What this means to you and the housing market is there will be less money to lend because your banks have lost billions.
It was reported on CNBC(or CNBS as I like to say) that the banks will cut lending by 2 TRILLION dollars. Thats Trillion with a T not a B. Needless to say this is not good for the housing market. How does that effect the buyers? It means they will tighten lending standards and they will further scrutinize mortgage apps. because they are staring off the edge of a cliff.

I fully expect that a year from now it will take 20% down and excellent credit scores in order to buy a house. So when you are in Cali or Florida or in Baltimore/DC ask yourself one question when a realtor is showing you dozens of houses listed at $700,000. How many people have 20% to put down which would be $140,000 plus an excellent credit rating to be able to qualify and buy these houses. The answer? Not many.
As a result, you will have a much smaller potential buying pool of homebuyers and they will have massive inventories to pick from. When you combine these two forces and combine it with the massive increases in foreclosures it creates "The Perfect Storm". As these banks continue to pile up foreclosures and their capital keeps shrinking with huge writedowns they will be forced to sell these homes at HUGE discounts. So you may ask how much worse can it get? Look at the Arm reset chart above and you can see the subprime resets peak in March of this year and continue throught 2008. This does not include the Alt-A and prime mortgage defaults that I plan on discussing later this weekend.


The bottom line? The banks simply can't afford to take anymore risk because they are in debt up to their eyeballs and bordering on insolvency. As I said yesterday you will see many banks fail because their books of mortgages are larger then their capital base. If too many of those mortgages on their books fail then their capital is GONE.

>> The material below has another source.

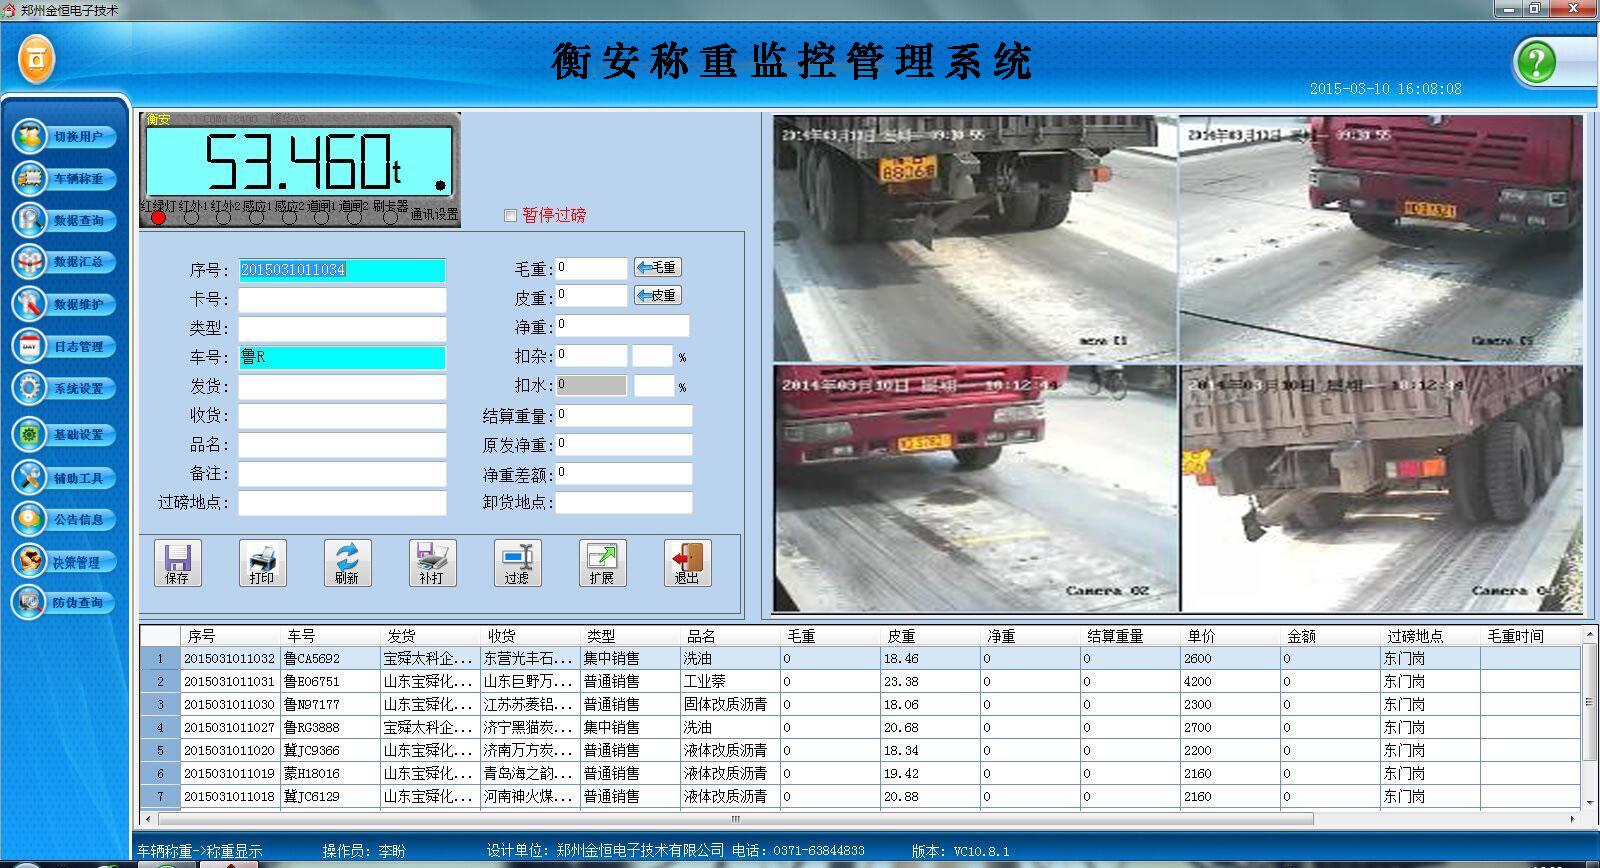 视频监控版地磅亿博国际专线投注系统
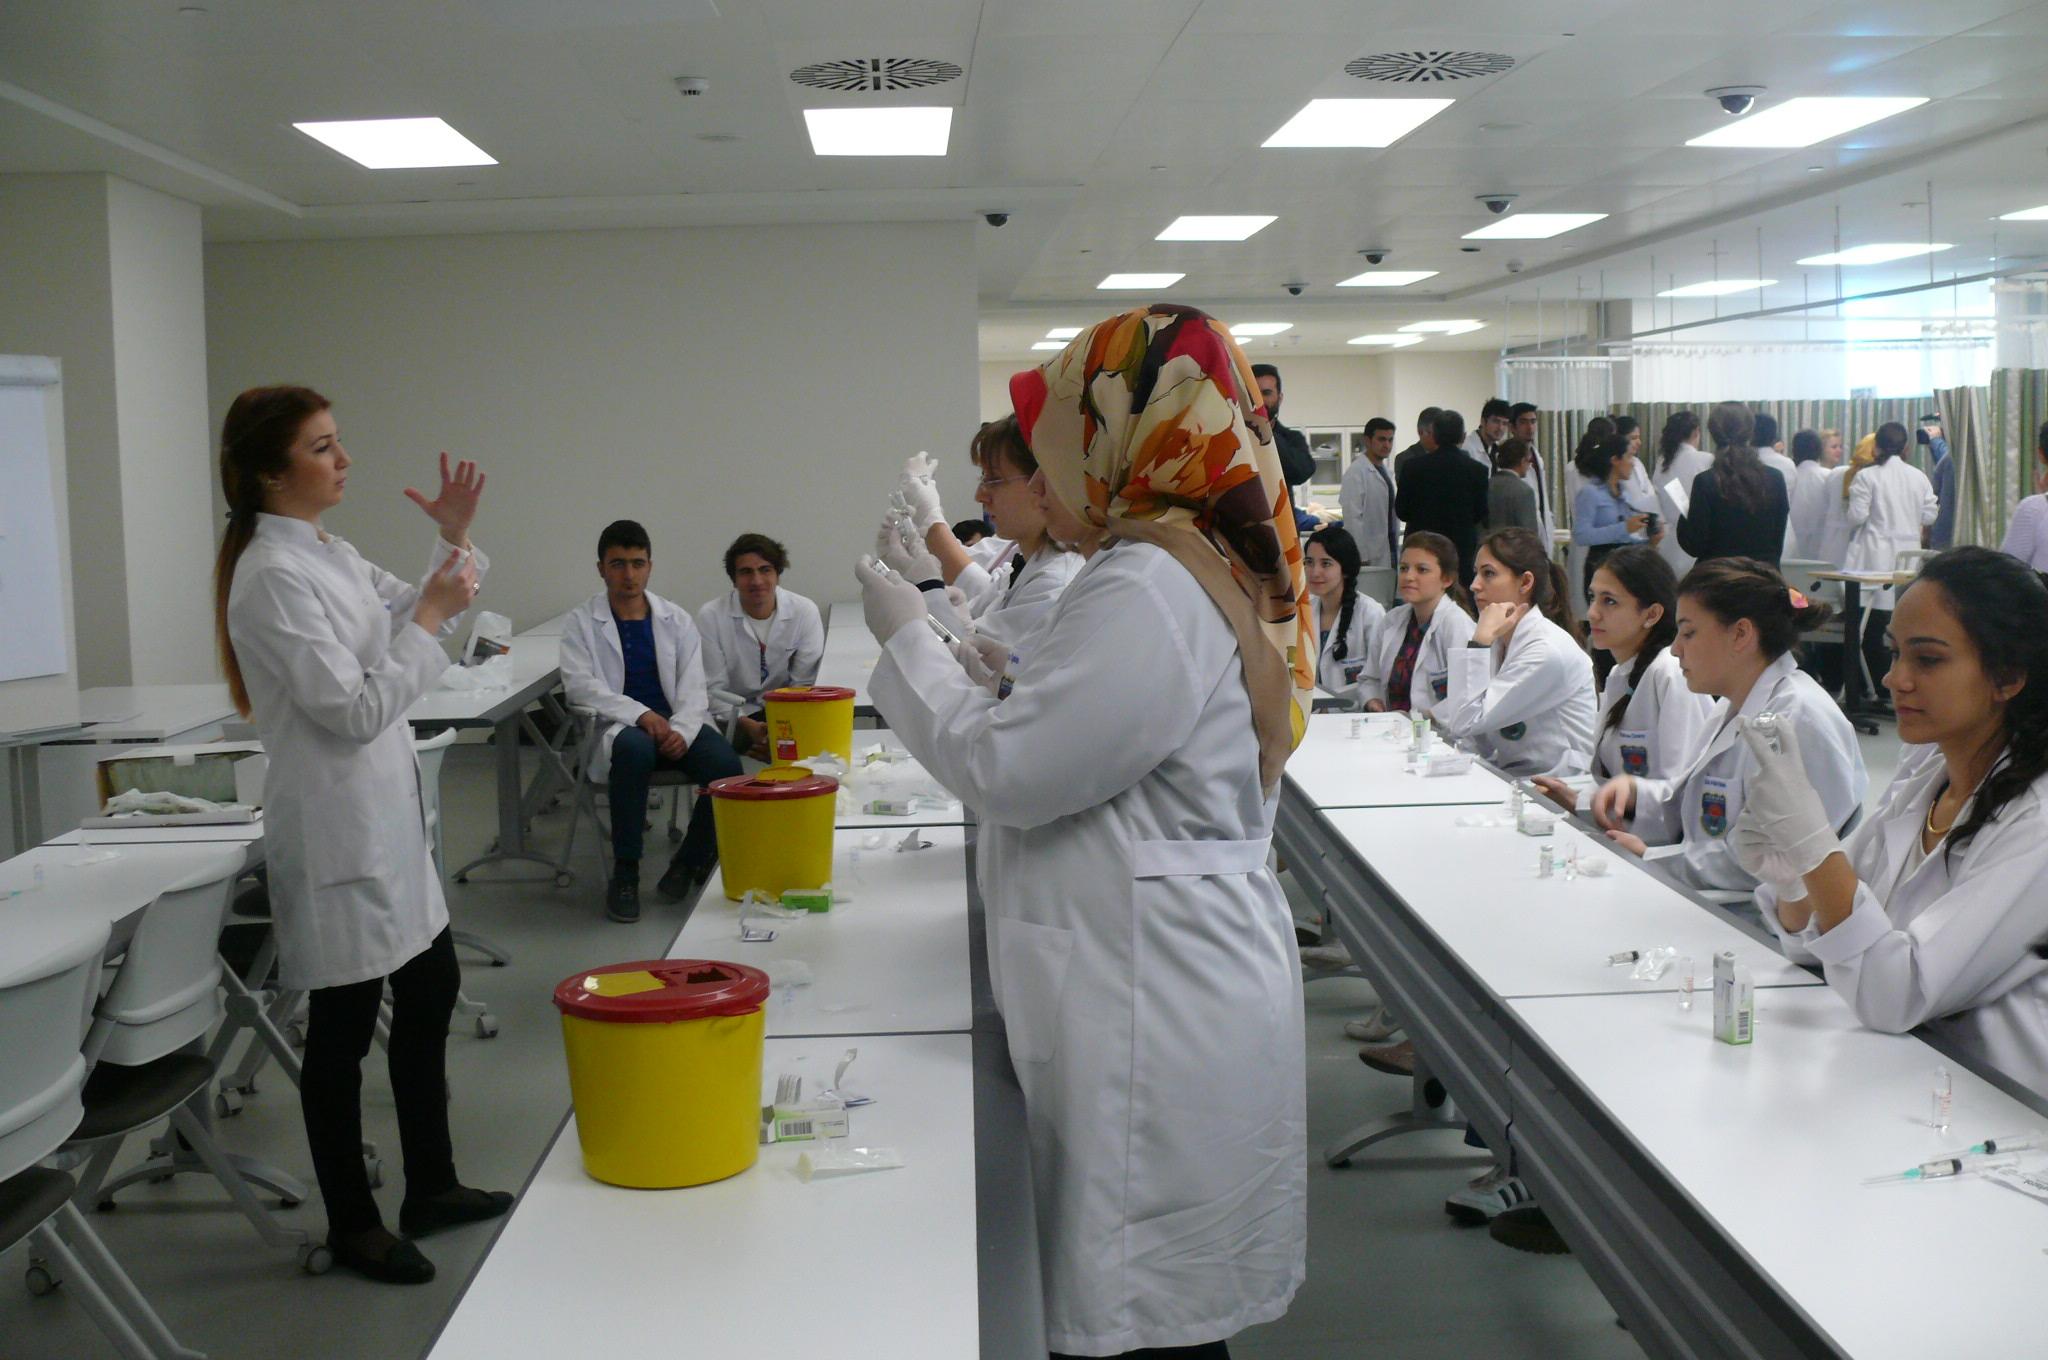 Acıbadem Üniversitesi sağlık eğitiminde çıtayı yükseltti

I suggest you look at your personal banks mortgage exposure and see how involved they got in subprime. Banks in the bubble areas like CA, NV, FL are vulnerable. Try to stick with a larger instituion or a smaller conservative bank that didn;t do a lot of subprime.
Well $181 billion in losses down and it looks like another $320 billion to go. This will only put more pressure on housing prices. The weakening market isn't helping either!!!